VIDEO: Whale Freed from 4,000 Pounds of Fishing Gear in New York

A multi-state team recently freed a whale entangled in more than 4,000 pounds of fishing gear as it swam through New York’s Ambrose Channel.

The four-day rescue effort began when recreational boater spotted the distressed animal off the coast of the Rockaways in New York City and reported it to the Coast Guard. Experts from New York, Massachusetts and New Jersey came together to free the whale.

First on the scene, rescue workers from the New York State Department of Environmental Conservation and the Atlantic Marine Conservation Society surveyed the whale. They discovered something was anchoring it to the seafloor, preventing it from swimming and making it difficult for the whale to hold its head above water to breathe.

Surveyors returned to the whale the following day and discovered what was weighing it down — over 4,000 pounds of steel fishing gear and several buoys. The team took photographs to document the entanglement, which left the whale in immediate danger of being attacked by a predator or hit by a ship passing through the channel.

The New York team called on disentanglement experts from the Center for Coastal Studies in Provincetown, Massachusetts, for help. The next day, the Center’s experts used an inflatable boat to approach the whale and start cutting away the debris.

By nightfall, the team had detached multiple buoys and cut through some of the gear that was tangled around the whale’s fluke. It would take another day of work to fully free the ocean giant.

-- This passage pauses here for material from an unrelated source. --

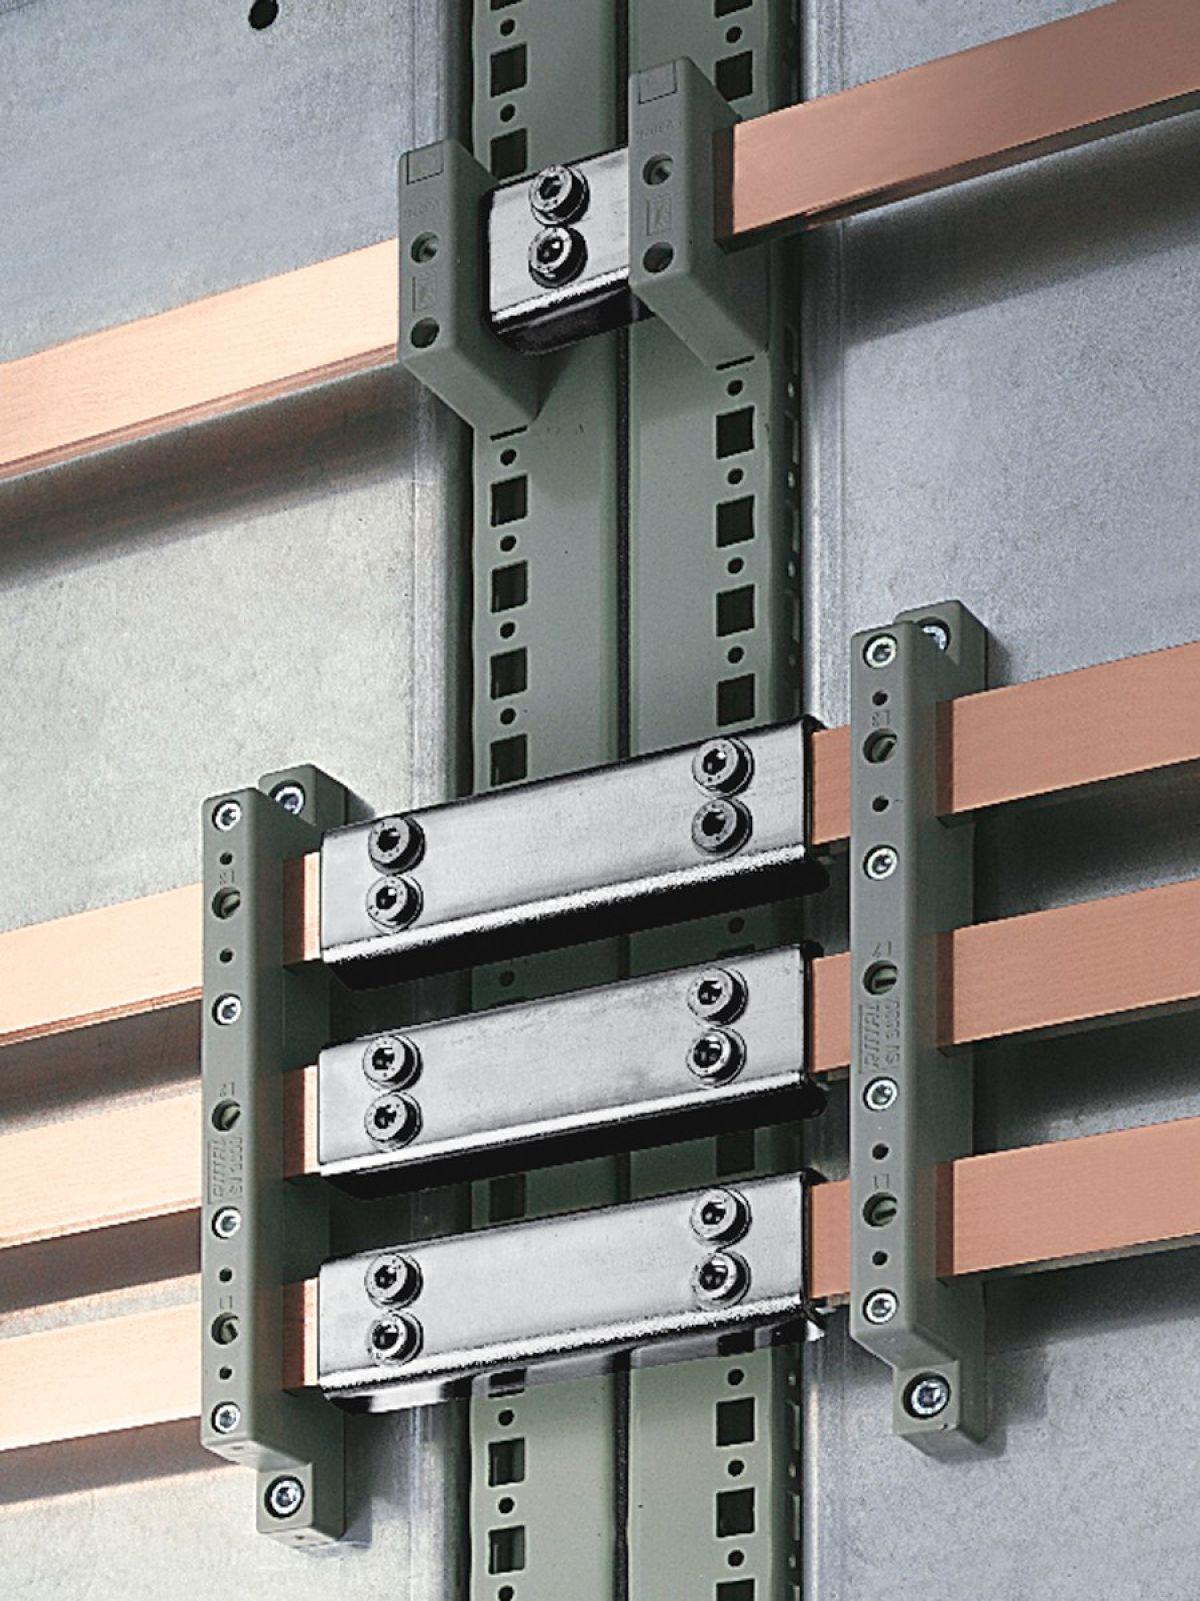 confezione da 10 /1240/m-ph4230/Coromill 300/inserto per fresatura Sandvik Coromant R300/
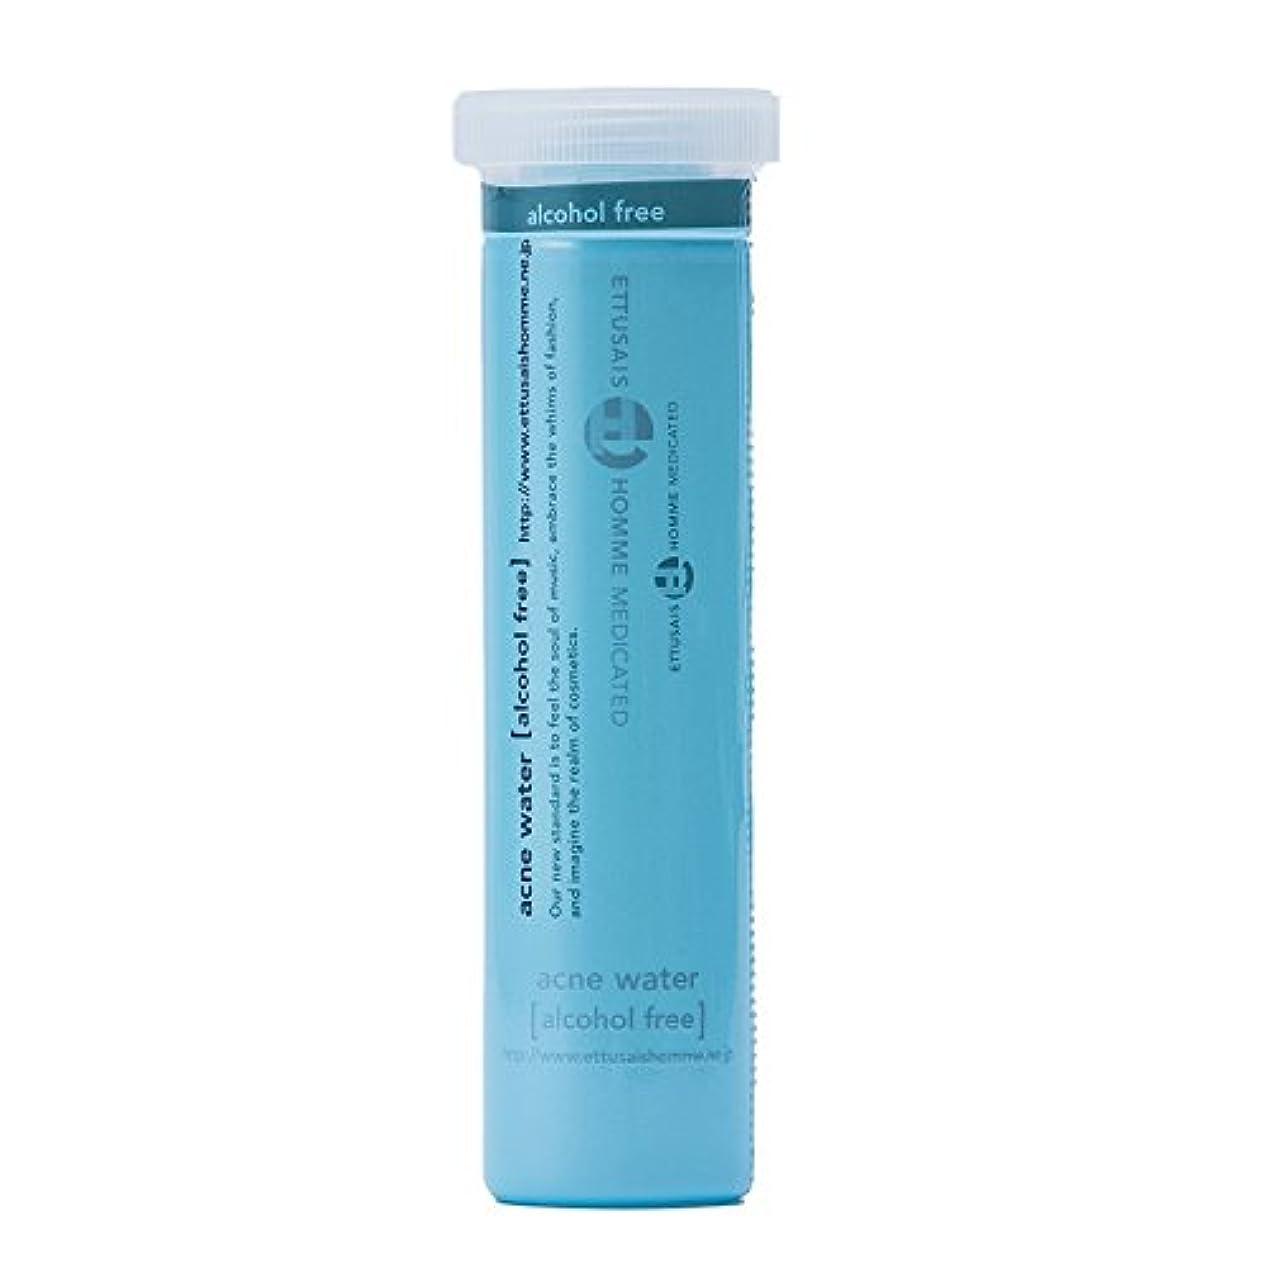 はげなしでメジャー[医薬部外品] エテュセ オム 薬用アクネウオーター アルコールフリー  薬用化粧水 100ml

“That was among the more challenging whale disentanglement cases we have dealt with,” Scott Landry, director of Marine Animal Entanglement Response at the Center, said in a statement. “That whale was fighting to live. All the folks we were working with on the water the last two days were fighting to help it.”

On the fourth day of the rescue, a research vessel from New Jersey’s Monmouth University and a U.S. Army Corps of Engineers Drift Collection Vessel were deployed to aid the effort, along with the NOAA Northeast Fisheries Science Center’s Sandy Hook lab.

The team used hacksaws and other heavy-duty equipment to make the final cuts to a steel cable trapping the whale and remove the debris from the ocean.

By 4 p.m., the team watched as the whale swam free with few visible severe injuries, namely cuts along its body and a few deeper lacerations at its tail.

“Without intervention, that whale would not have survived,” Landry says. “While it’s not entirely out of the woods yet, its prospects are now 100% better than what they were. We are optimistic we will see the whale again and, like the majority of humpback whales off our coast, it will bear the scars of entanglement.”

The whale was spotted off the coast of Long Island in early August about a week after the rescue. He appeared to be doing just fine.